Nelson was ASU president from 1981 to 1989, a time that included the construction of the Karsten Golf Course and the opening of a fine-arts center named in his honor. In fall of 1983, he started an effort to bring a Super Bowl to Sun Devil Stadium, an achievement finally realized in 1996 several years after his departure.

ASU President Michael Crow said the university's mission was honed and energized under Nelson's leadership.

Former ASU President J. Russell Nelson, right, breaks ground on the ASU West campus with state legislators Sterling Ridge, left, and Lela Alston.

"Through his expertise and passionate advocacy, Russell made significant strides forward in scholarship funding, campus facilities and student services," Crow said in a statement.

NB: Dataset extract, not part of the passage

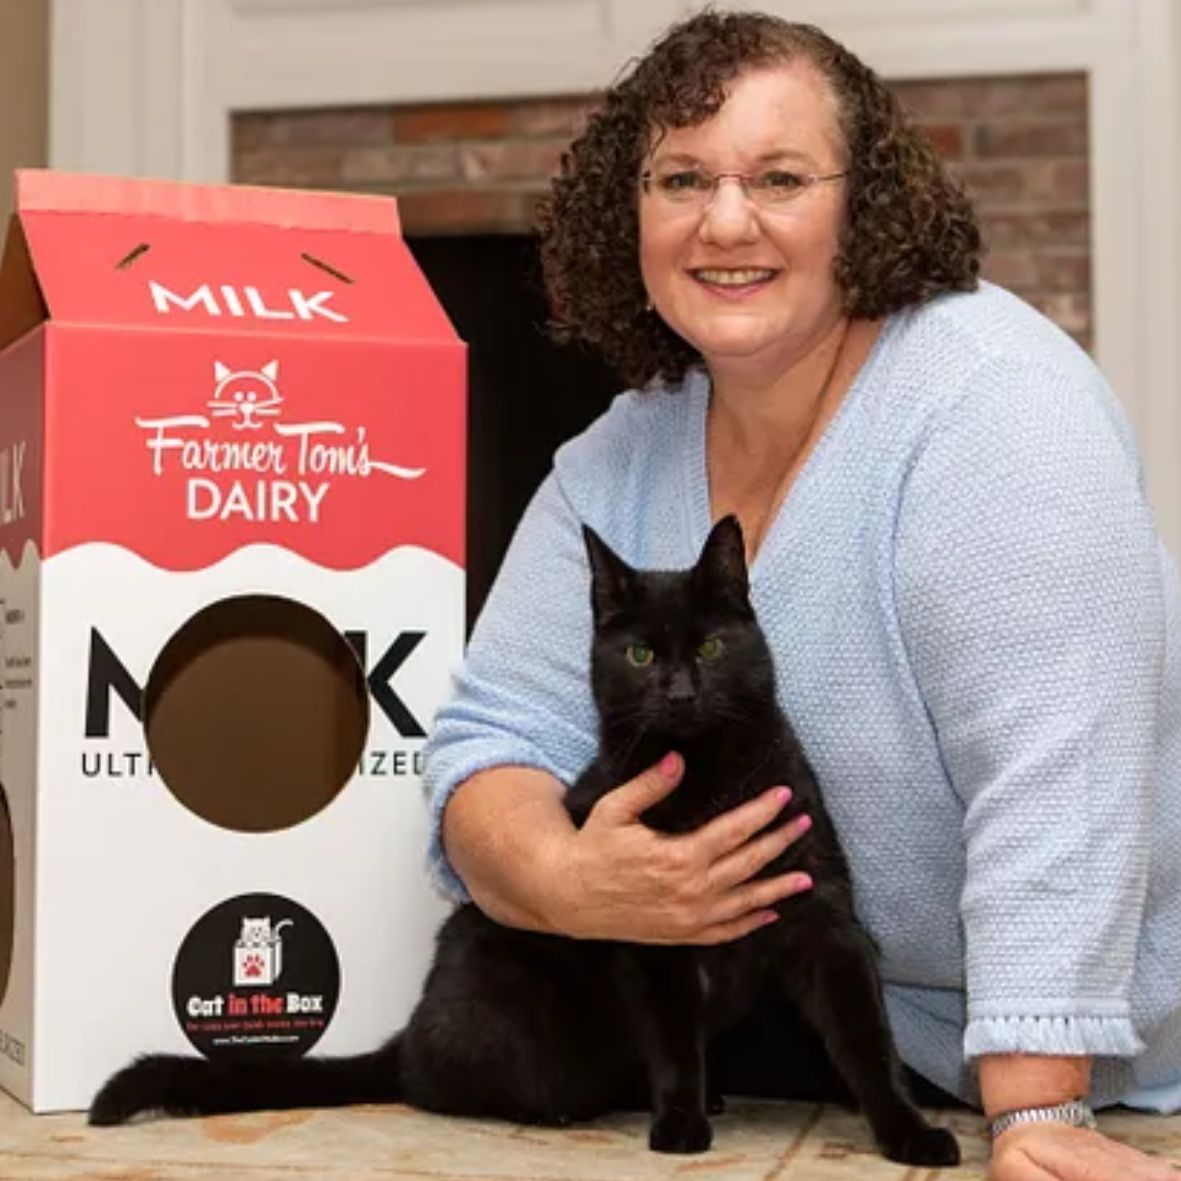 Pets and Mental Wellness: Dawn LaFontaine Of Cat in the Box On How to Maximize the Mental Health Benefits of Having a Pet

Nelson, who had degrees in business and finance, was chancellor at the University of Colorado at Boulder for three years before coming to ASU.

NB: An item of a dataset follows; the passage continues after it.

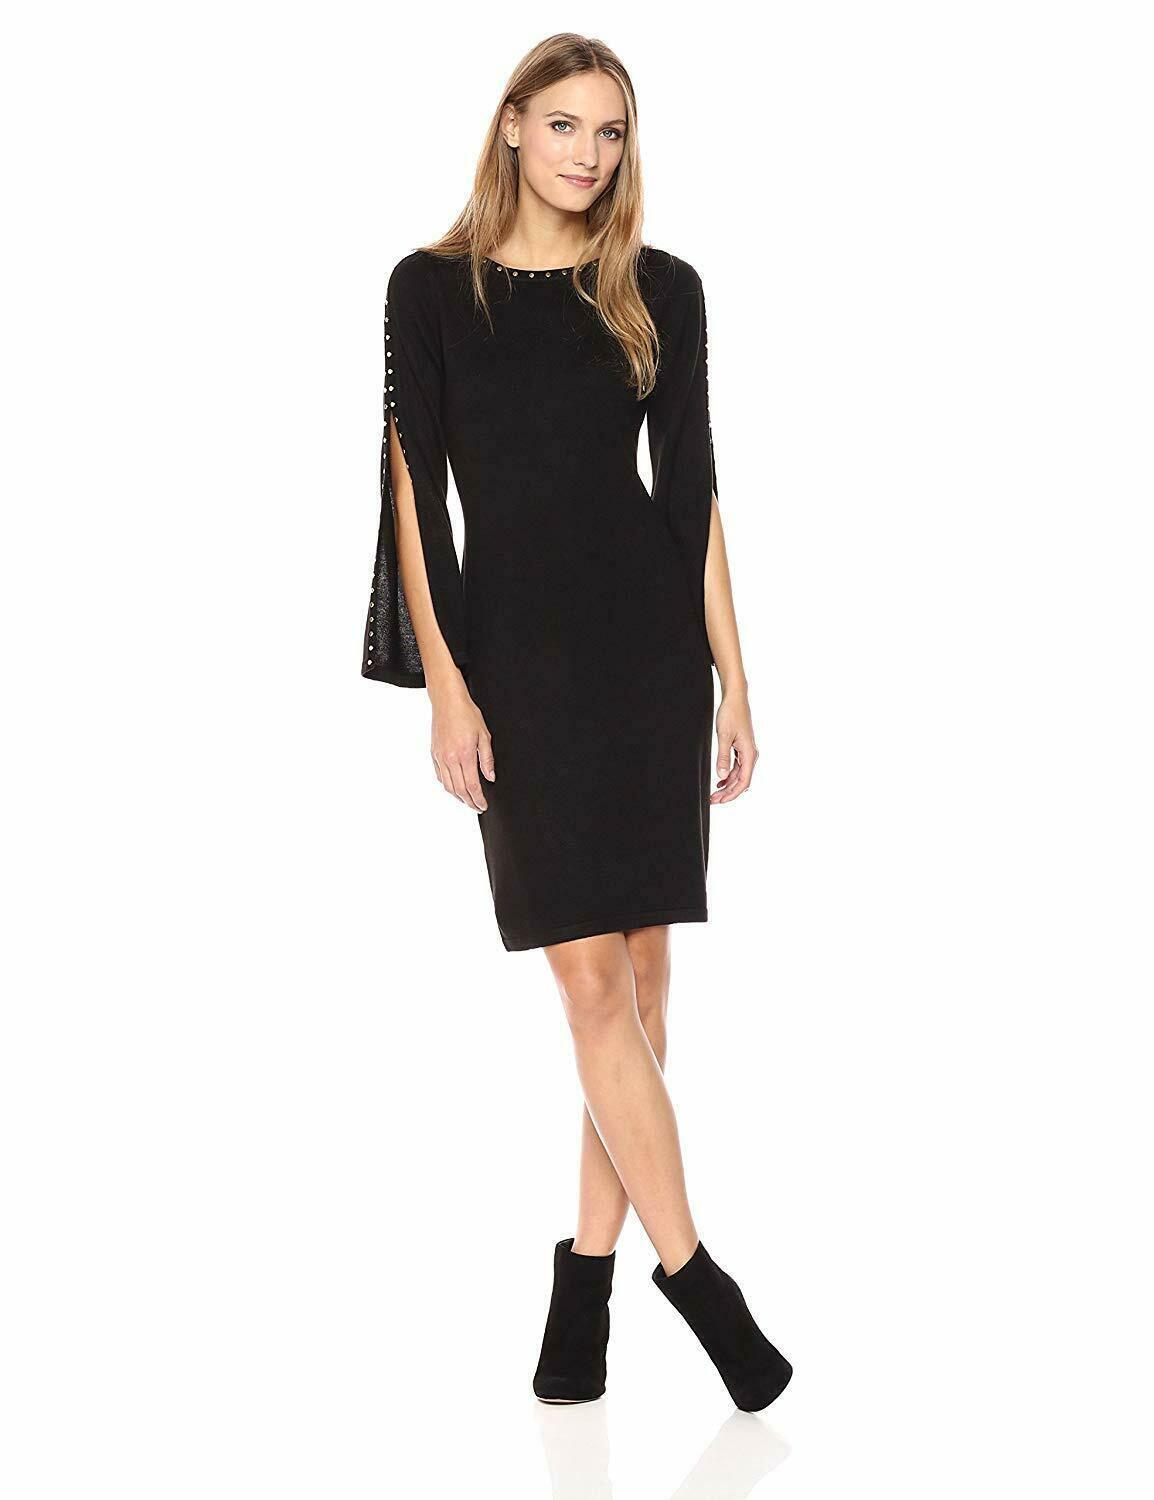 Calvin Klein Women's Sweater Dress with Gold Embellishment Size M - SVNYFancy

At ASU, Nelson steered the university away from athletics and toward academics, and the school's standing as a research university was enhanced.

He left ASU in 1989 to go back to the University of Colorado-Boulder, this time as dean of the business college and was succeeded at ASU by Lattie Coor.

Nelson said he wanted to live ''a simpler, more private life," at the time.

At the time of his departure, ASU had a student body of 43,000, ranking fifth in the country.